References cited on this page

[15] P. Marion et al., “Director: A user interface designed for robot operation with shared autonomy,” Journal of Field Robotics, vol. 34, no. 2, pp. 262–280, 2017.

[16] P. Schillinger, S. Kohlbrecher, and O. von Stryk, “Human-robot collaborative high-level control with application to rescue robotics,” in 2016 IEEE international conference on robotics and automation (ICRA), 2016, pp. 3898–3905. doi: 10.1109/ICRA.2016.7487584.

[17] S. G. Brunner, F. Steinmetz, R. Belder, and A. Dömel, “RAFCON: A graphical tool for engineering complex, robotic tasks,” in 2016 IEEE/RSJ international conference on intelligent robots and systems (IROS), 2016.

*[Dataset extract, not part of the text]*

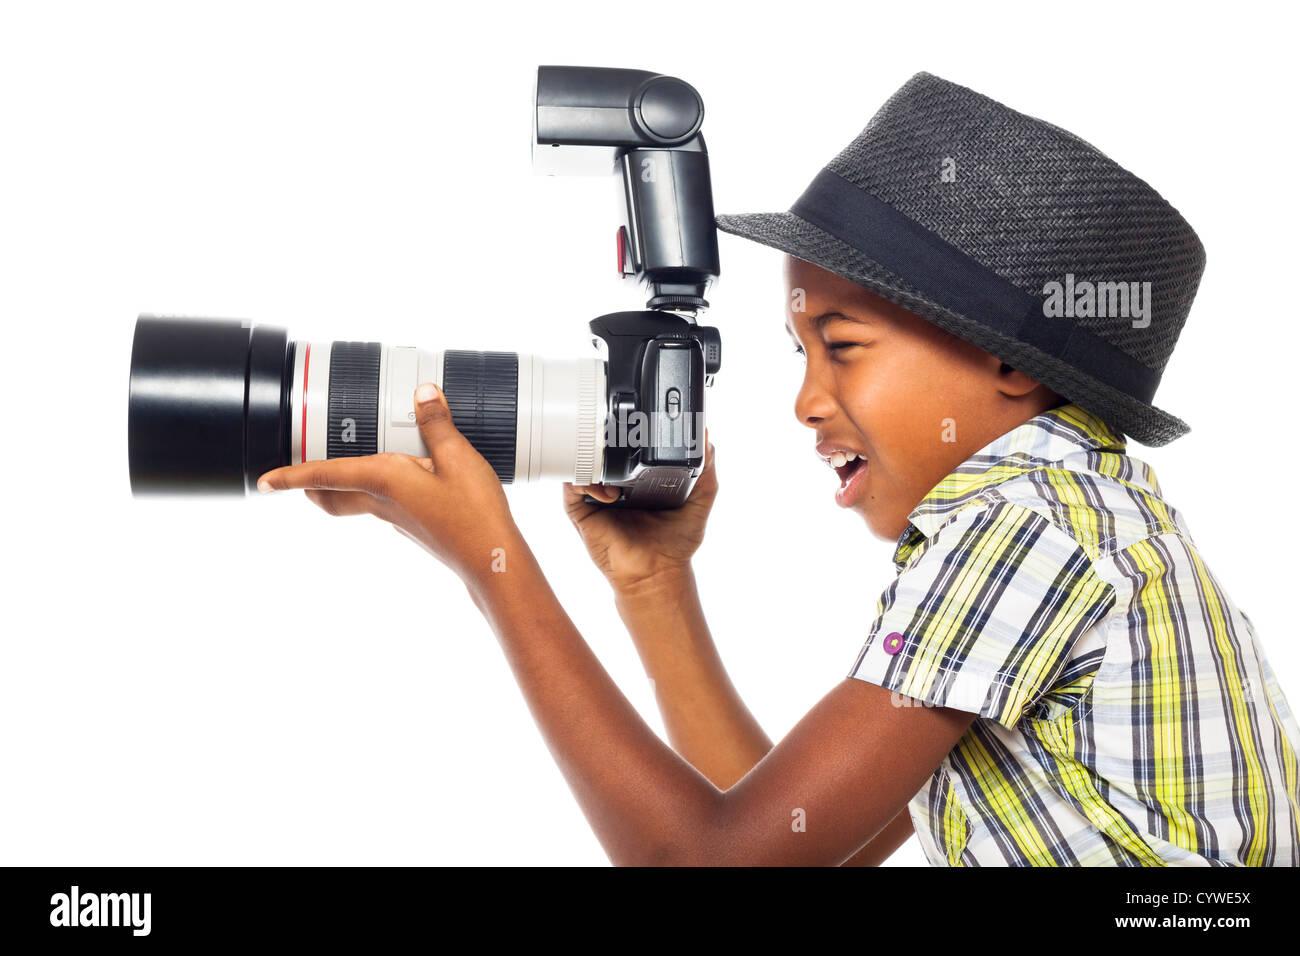 Child boy taking photo with professional camera, isolated on white background. - Stock Image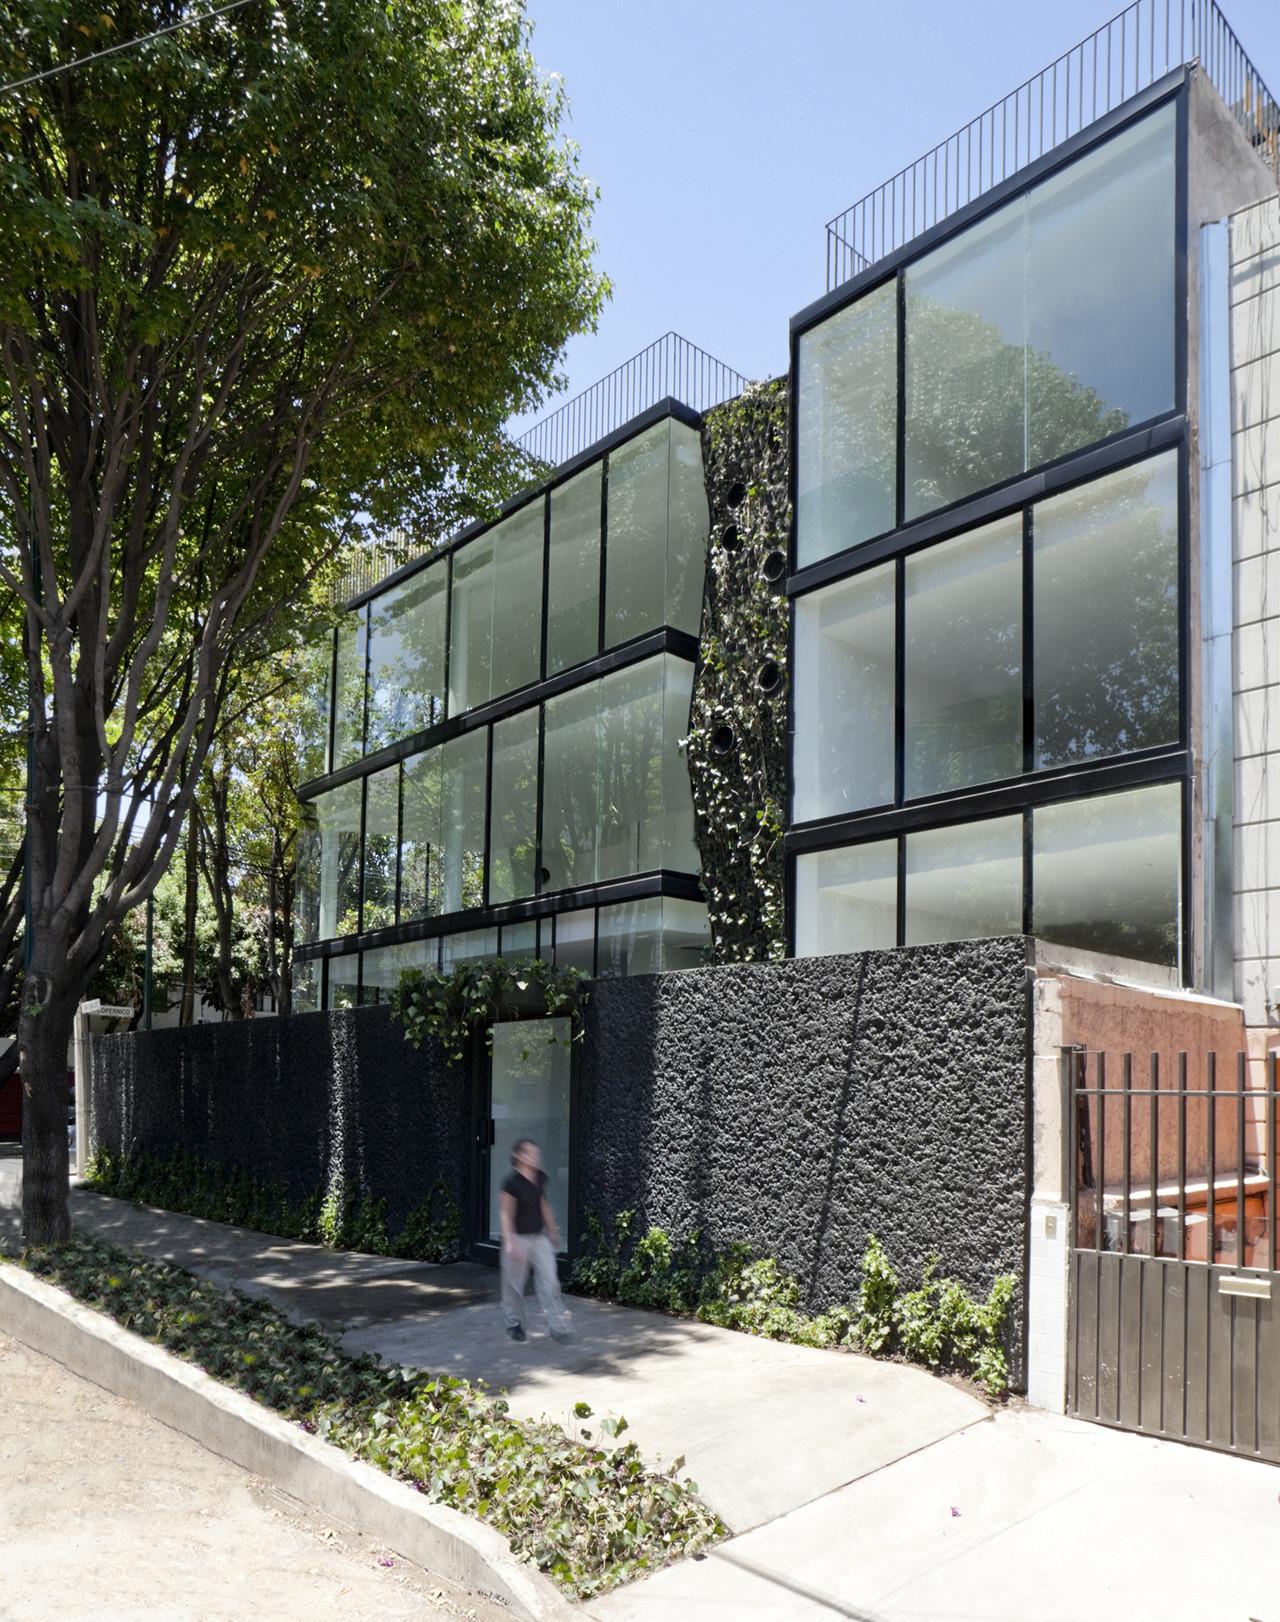 Edificio de Departamentos Michelet / Dellekamp Arquitectos, © Sandra Pereznieto

[18] E. Senft et al., “Task-level authoring for remote robot teleoperation,” Frontiers in Robotics and AI, vol. 8, p. 707149, 2021, doi: 10.3389/frobt.2021.707149.

[55] A. De Luca, L. Muratore, and N. G. Tsagarakis, “Autonomous navigation with online replanning and recovery behaviors for wheeled-legged robots using behavior trees,” IEEE Robotics and Automation Letters, vol. 8, no. 10, pp. 6803–6810, 2023, doi: 10.1109/LRA.2023.3313052.